Homeworks
Homework assignments can be found on the PrarieLearn site (link on main page).
# |
Topic |
Assigned |
Due |
1 |
Pytorch Basics |
Jan 24 |
Feb 03 |
2 |
Linear Algebra |
Jan 31 |
Feb 10 |
3 |
Auto-differentiation |
Feb 07 |
Feb 17 |
4 |
Optimization and regression |
Feb 14 |
Feb 24 |
5 |
Linear and logistic regression |
Feb 21 |
Mar 03 |
6 |
More regression and optimizers |
Feb 28 |
Mar 10 |
7 |
Deep nets |
Mar 28 |
Apr 07 |
8 |
Recurrent NNs and PCA |
Apr 04 |
Apr 14 |
9 |
K-means and GAN |
Apr 11 |
Apr 21 |
10 |
Attention and transformers |
Apr 18 |
Apr 28 |
Couple things to note about homeworks
- Homeworks are to be completed individually through PrairieLearn.
- Each homework is assigned when you have most (if not all) of the required knowledge to complete it. There is zero reason not to start the homework early. Office hours are not provided on Mondays and HWs are due Monday night. Please plan ahead.
- Most homeworks will consist of 3-4 novel problems. Each homework is weighted equally towards your final grade.
- The homework average consists 25% of your final course grade. We will drop your lowest homework score.
- It’s a bad idea to skip homeworks. Homeworks and labs are where we get inspiration for exam problems.
Homework Logistics: How to submit
- All homeworks are administered and graded through PrairieLearn. Problems are mostly autograded, though there will be a few free-form responses that require manual grading.
- Homeworks are due by 23.59.59 (11.59.59 PM) of their due date (so midnight Monday night). In other classes, I used to make the deadline 6AM, but many students would stay up all night to do the homeworks and I want you guys to sleep. Again my intent is absolutely not to consume your weekend. You have 11 days to complete the homework and the knowledge necessary to complete the problems at the time of assignment. Start the assignment early, go to OHs if you get stuck, and you’ll have no problem finishing the homework quickly.
- You should not use Canvas to keep track of homeworks or any other course policies and logistics. Canvas is a gradebook, that’s all.
- You will be registered with PrairieLearn using your university email address. If you can’t access PrairieLearn let the course staff know.

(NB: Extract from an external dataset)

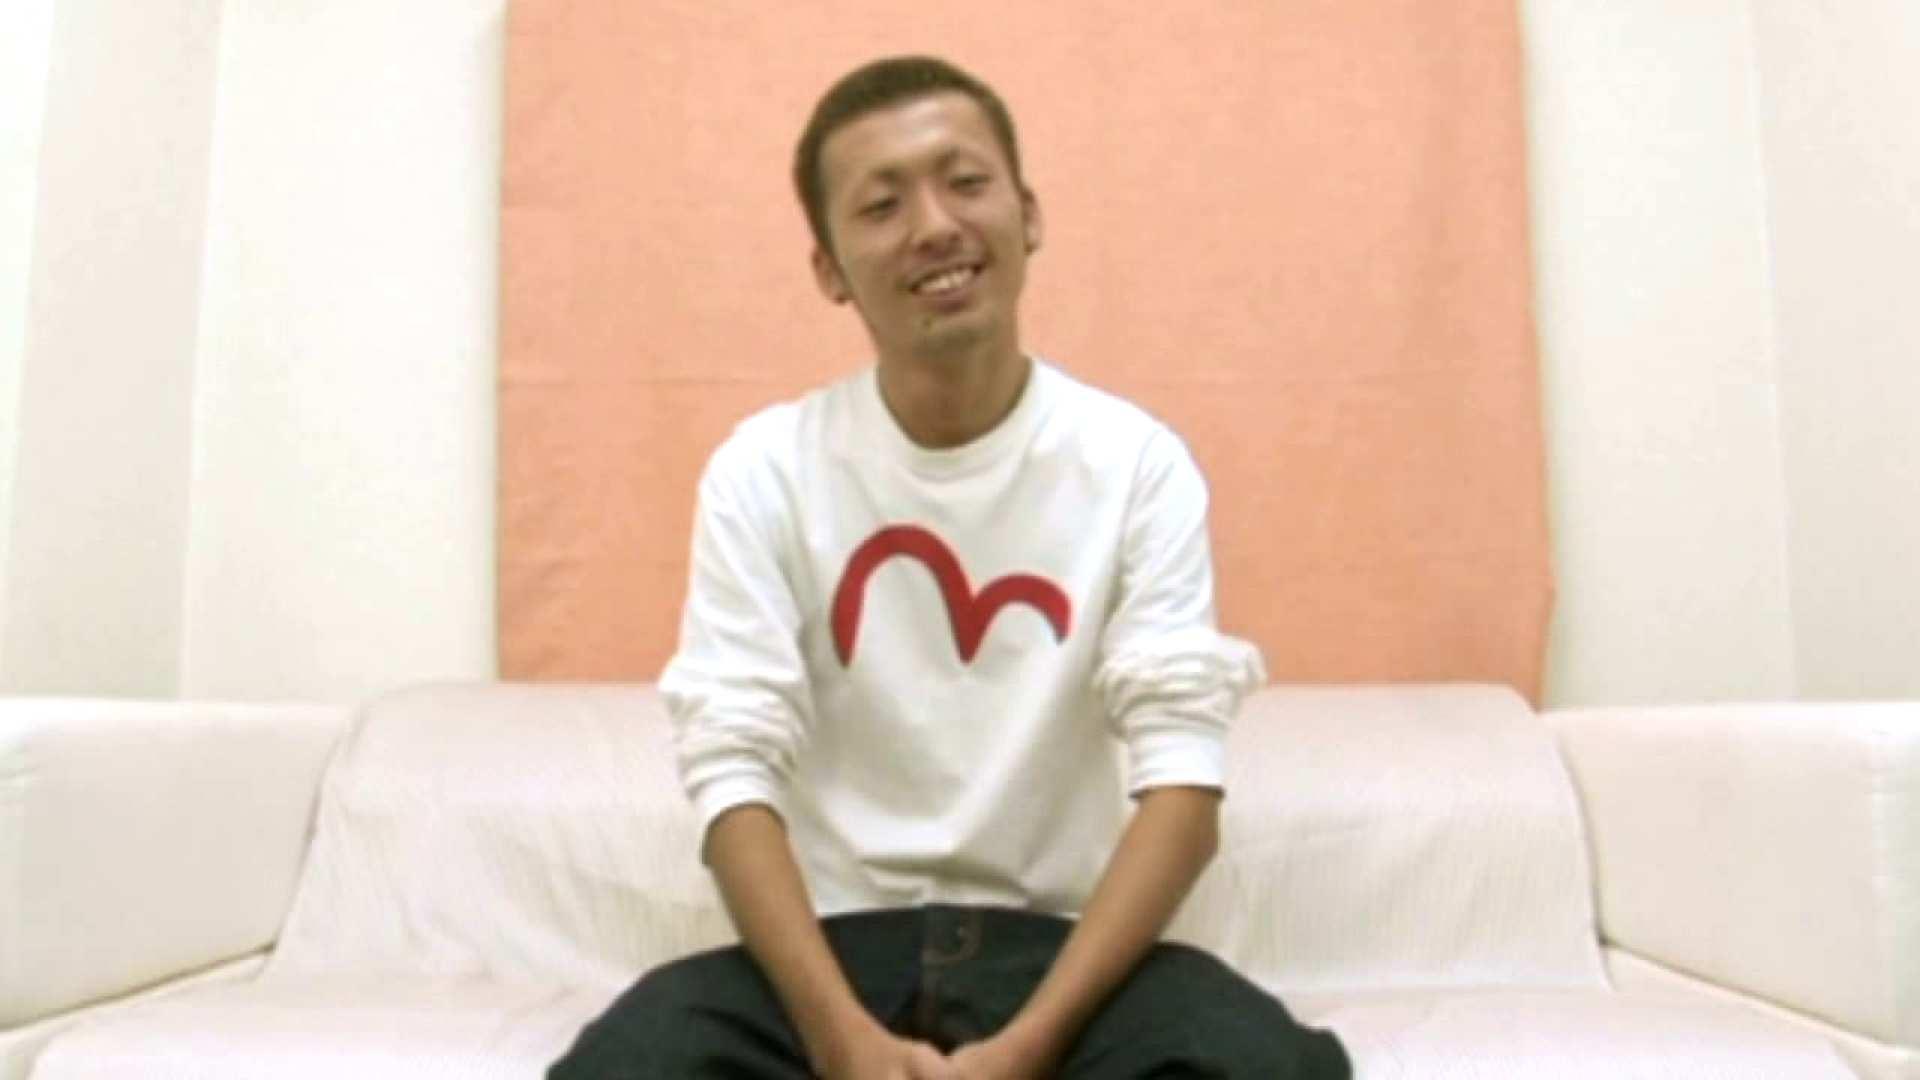 ノンケ!自慰スタジオ No.11 オナニー専門男子 ゲイアダルトビデオ画像 59画像 2

- Late homeworks are penalized at a rate of 1 point/hour that they are late. We will not discuss late homeworks in OHs. We have a small staff and we need to prioritize current homeworks in OH.
Homework Grading Policies:
- Homeworks are graded by the entire course staff, both manually and with auto-grader software.
- Under normal circumstances, all homework should be graded within two weeks of submission (this pertains more to manually graded portions of homeworks). However, the course staff members also have significant responsibilities and may take longer to grade the homeworks. This is all to say one thing: homeworks should not be used to check your mastery of the material. Most (if not all) problems will have some autograded portions, so you should have early indications of if you understand a particular concept. If you get stuck, use OHs!
- Homework grades are not a proof of correctness and cannot be used to argue for correctness on an exam.
- Partial credit is given depending on the question. Most auto-graded assignments will not have partial credit but manually graded assignments might. PrairieLearn should indicate when partial credit is given for an auto-graded assignment.
Allowable resources
- Textbooks and online documentation are allowed to be used with the homeworks.
- You are not allowed to use generative AIs for the homeworks. I totally get that lots of people find generative AI to be a useful rubber duck when coding, but I do not believe that is the way most people are using it. I totally understand the philosophical argument, but I’ve been doing this a while now, and I firmly believe eliminating all struggle from learning harms students from becoming more intelligent the same way eliminating struggle from exercise eliminates any strength gains. And there’s more research coming out that supports this point of view.